This takes $256\times 1\times 1\times 64 + 64\times 3\times 3\times 64 + 64\times 1\times 1\times 256 = 16,384 + 36,864 + 16,384 = 69,632$ parameters.

This lose some information, but save a lot of parameters.

#### Depthwise convolutions

Depthwise convolution: $K\to K$ feature map, save computation, reduce the number of parameters.

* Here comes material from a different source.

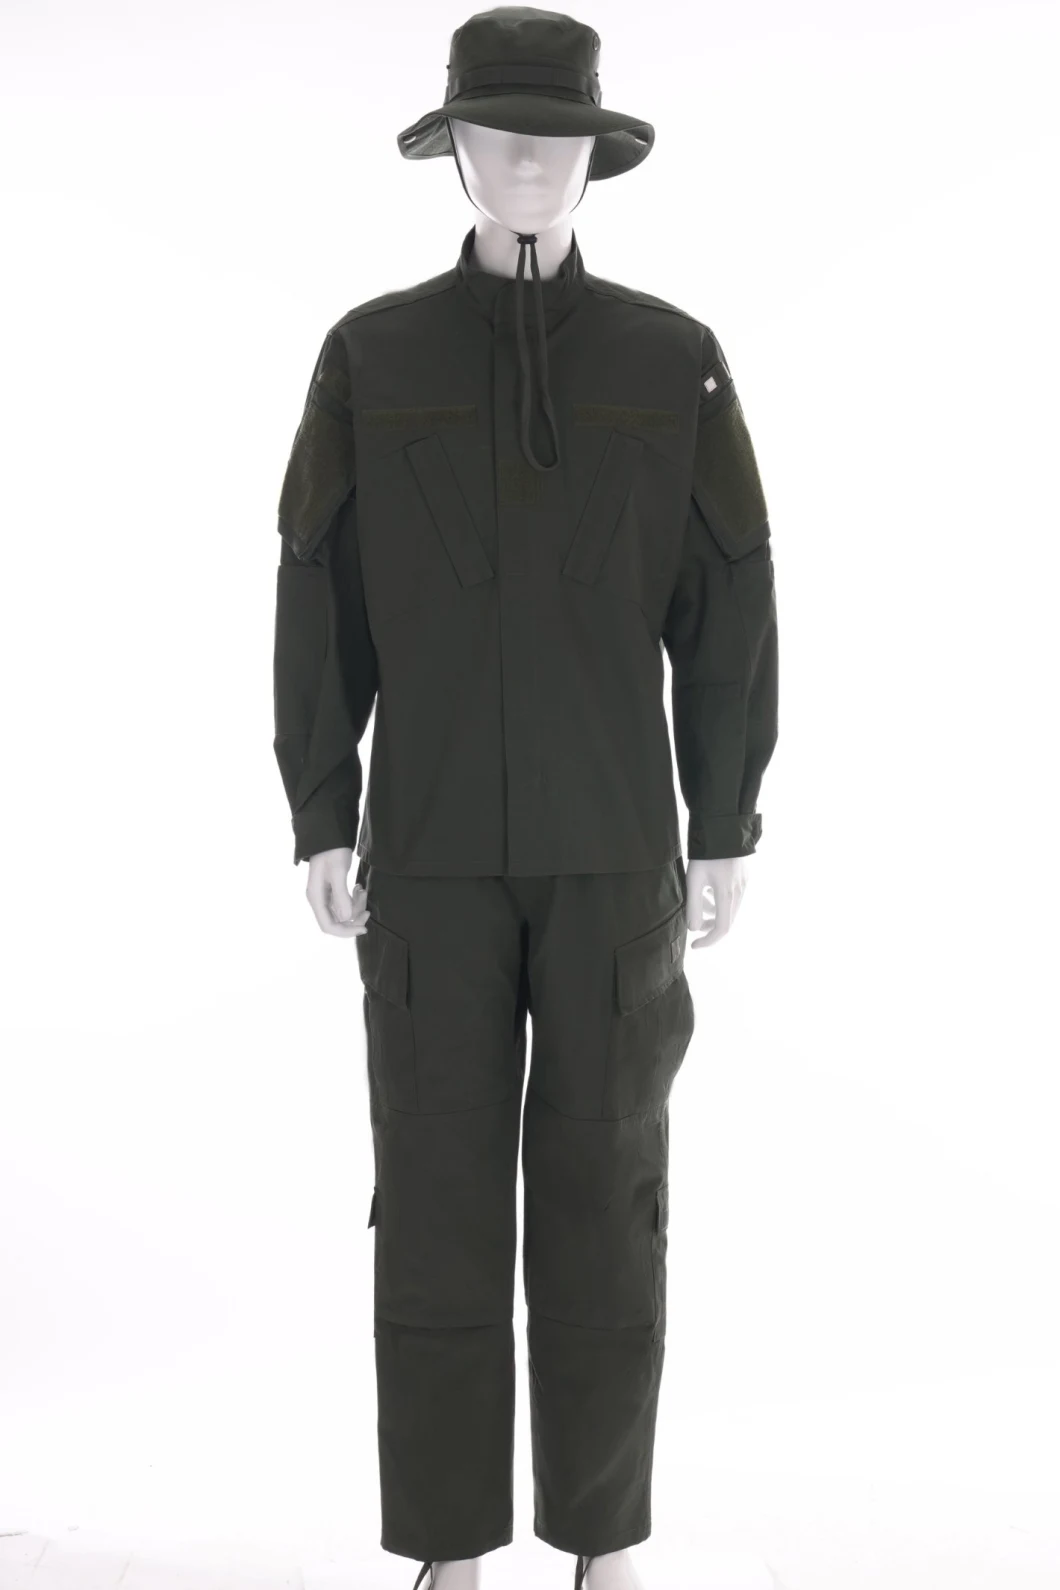 Ripstop Camouflage Uniform/Tactical Uniform/Bdu/Acu/Jacket/Pants

![Depthwise convolution](https://notenextra.trance-0.com/CSE559A/Depthwise_layer.png)

#### Grouped convolutions

Self defined convolution on the feature map following the similar manner.

### Backward pass

Vector-matrix form:

$$
\frac{\partial e}{\partial x}=\frac{\partial e}{\partial z}\frac{\partial z}{\partial x}
$$

Suppose the kernel is 3x3, the feature map is $\ldots, x_{i-1}, x_i, x_{i+1}, \ldots$, and $\ldots, z_{i-1}, z_i, z_{i+1}, \ldots$ is the output feature map, then:

The convolution operation can be written as:

$$
z_i = w_1x_{i-1} + w_2x_i + w_3x_{i+1}
$$

The gradient of the kernel is:

$$
\frac{\partial e}{\partial x_i} = \sum_{j=-1}^{1}\frac{\partial e}{\partial z_i}\frac{\partial z_i}{\partial x_i} = \sum_{j=-1}^{1}\frac{\partial e}{\partial z_i}w_j
$$

### Max-pooling

Get max value in the local region.

#### Receptive field

The receptive field of a unit is the region of the input feature map whose values contribute to the response of that unit (either in the previous layer or in the initial image)

## Architecture of CNNs

### AlexNet (2012-2013)

Successor of LeNet-5, but with a few significant changes

- Max pooling, ReLU nonlinearity
- Dropout regularization
- More data and bigger model (7 hidden layers, 650K units, 60M params)
- GPU implementation (50x speedup over CPU)
  - Trained on two GPUs for a week

#### Key points

Most floating point operations occur in the convolutional layers.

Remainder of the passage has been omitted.